* Recorded data *
# # # # # # #
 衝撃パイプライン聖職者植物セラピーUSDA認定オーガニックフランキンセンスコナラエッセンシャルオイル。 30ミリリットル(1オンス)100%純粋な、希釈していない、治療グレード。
# # # # # # #
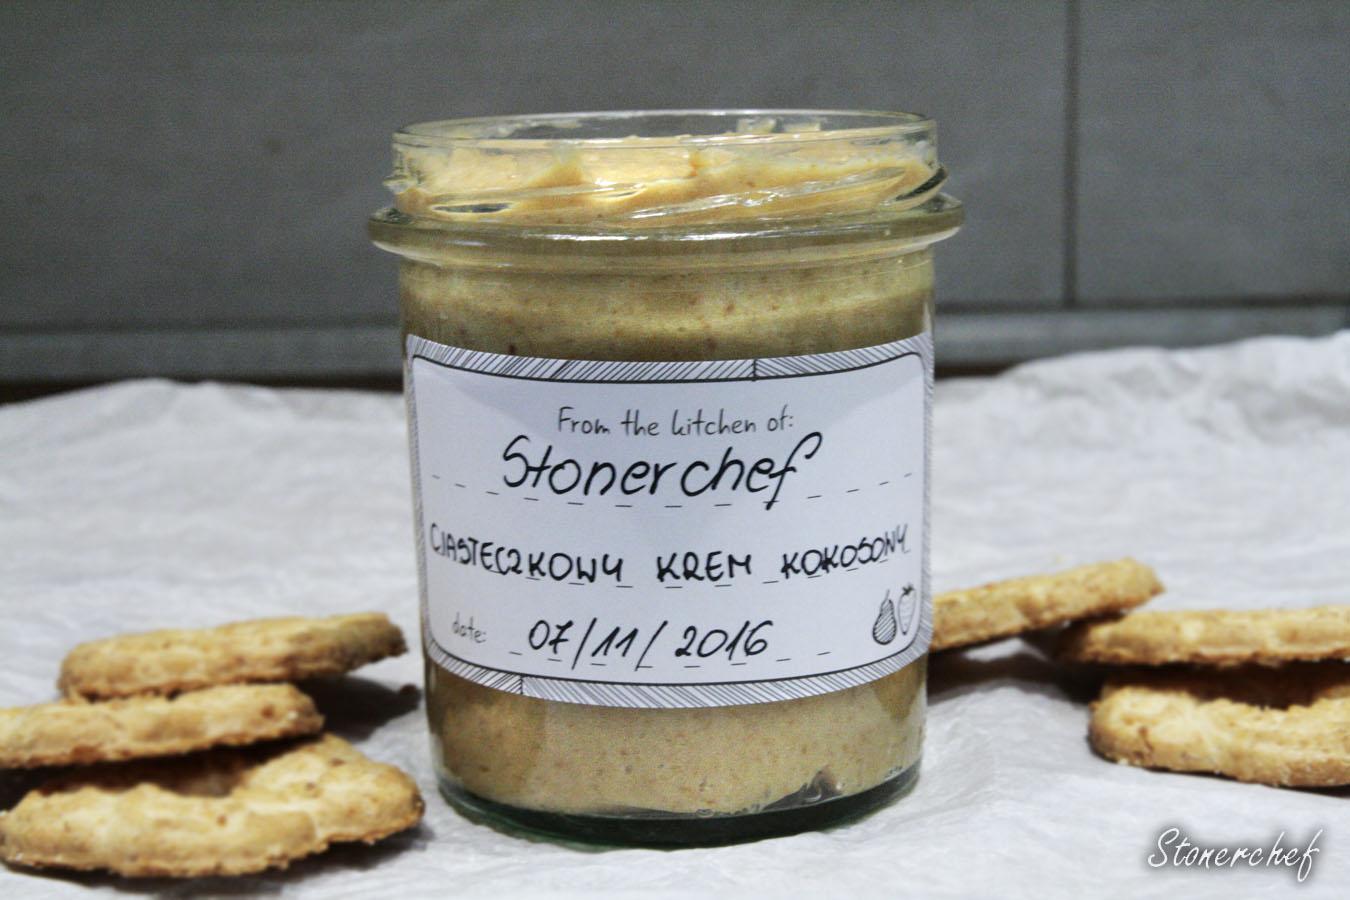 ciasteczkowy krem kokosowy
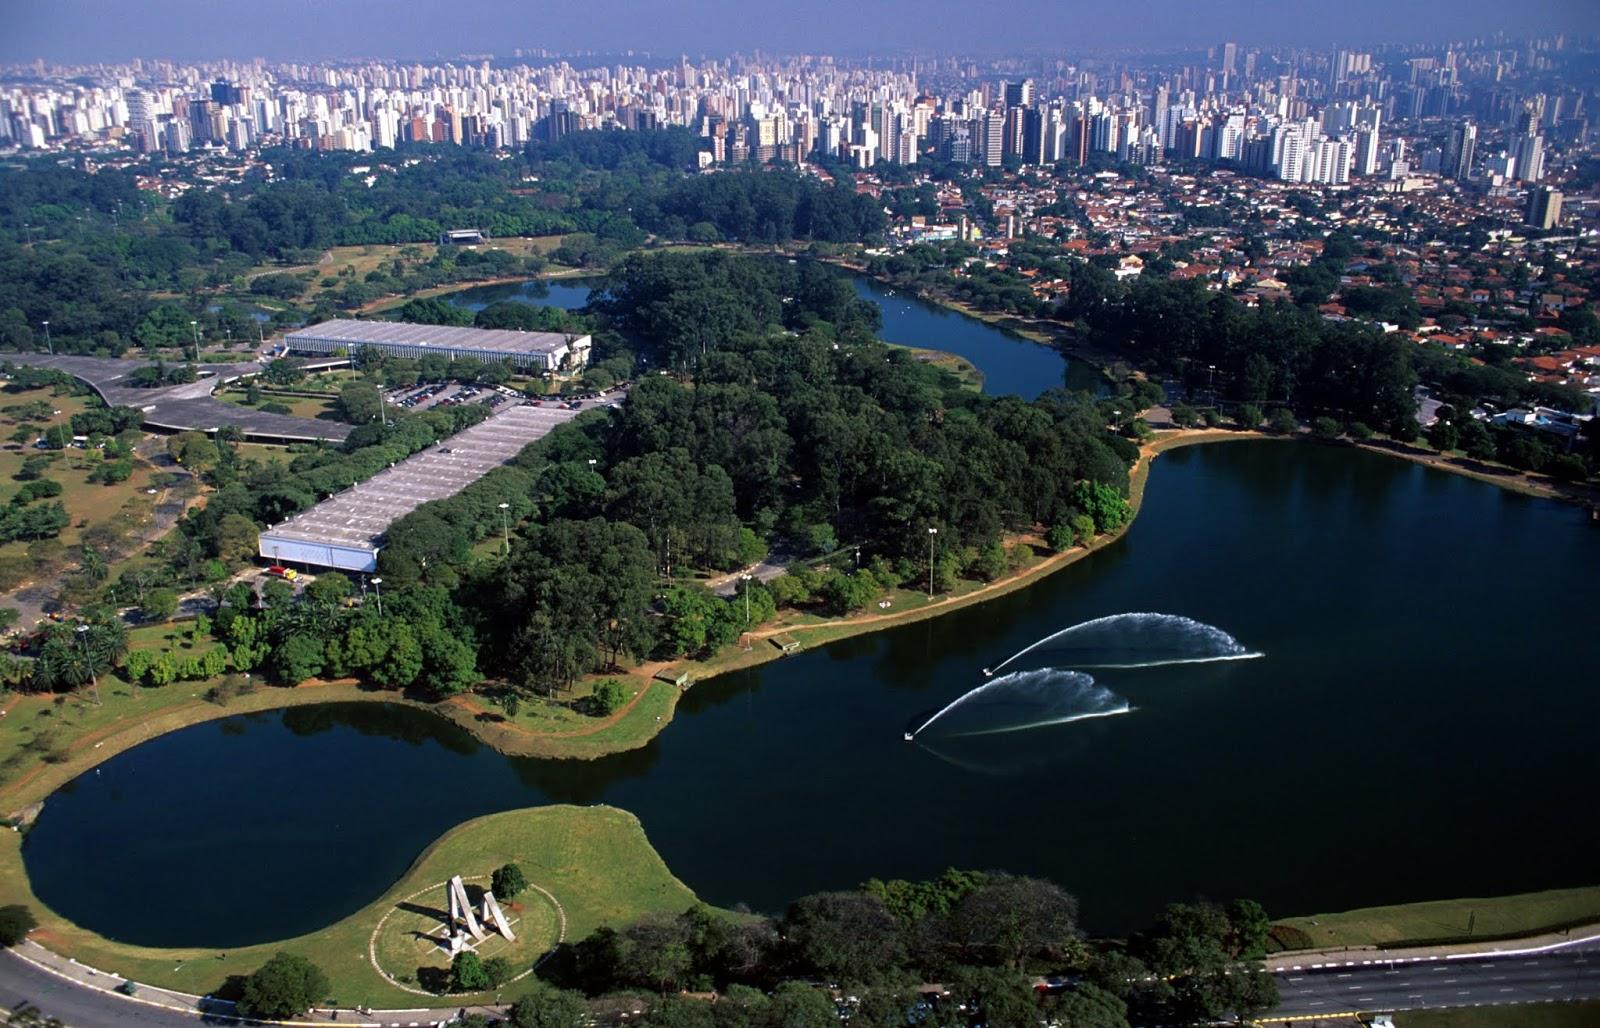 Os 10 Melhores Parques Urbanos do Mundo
# # # # # # #
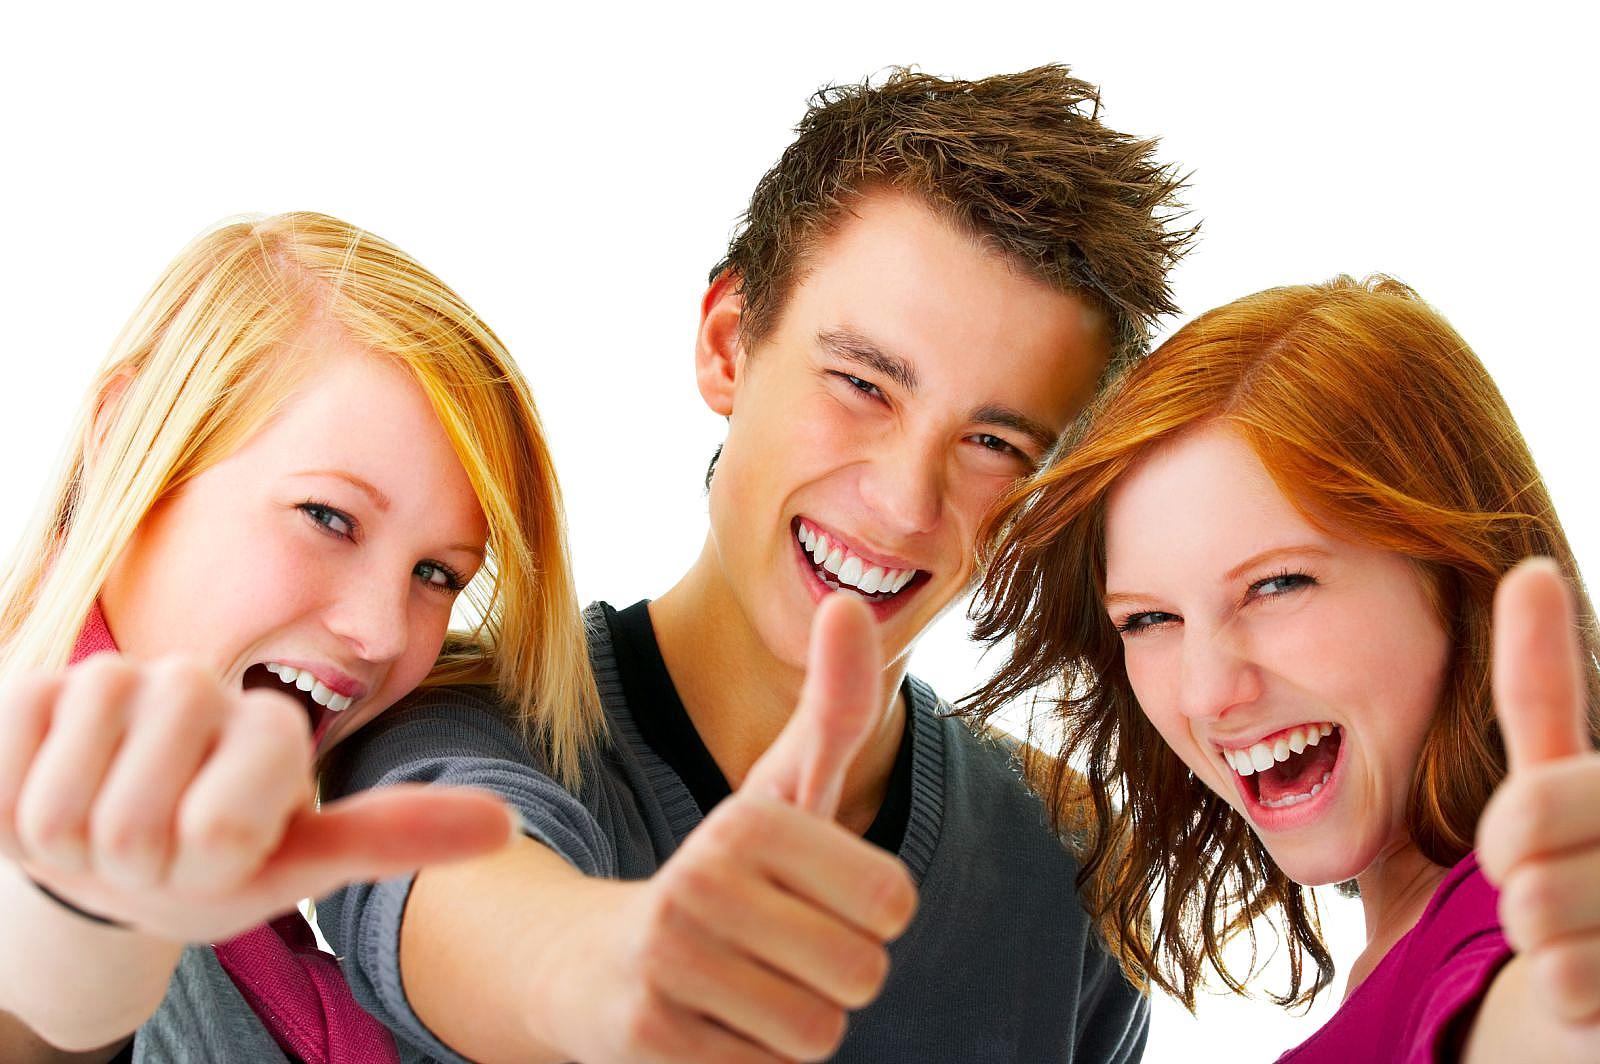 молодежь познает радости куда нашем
# # # # # # #
* Task goal *
Restate word for word every line from the one with "ciasteczkowy krem kokosowy" up to and including the one with "Os 10 Melhores Parques Urbanos do Mundo" in the records above, minus the pictures.

* Answer space *
 ciasteczkowy krem kokosowy
 Os 10 Melhores Parques Urbanos do Mundo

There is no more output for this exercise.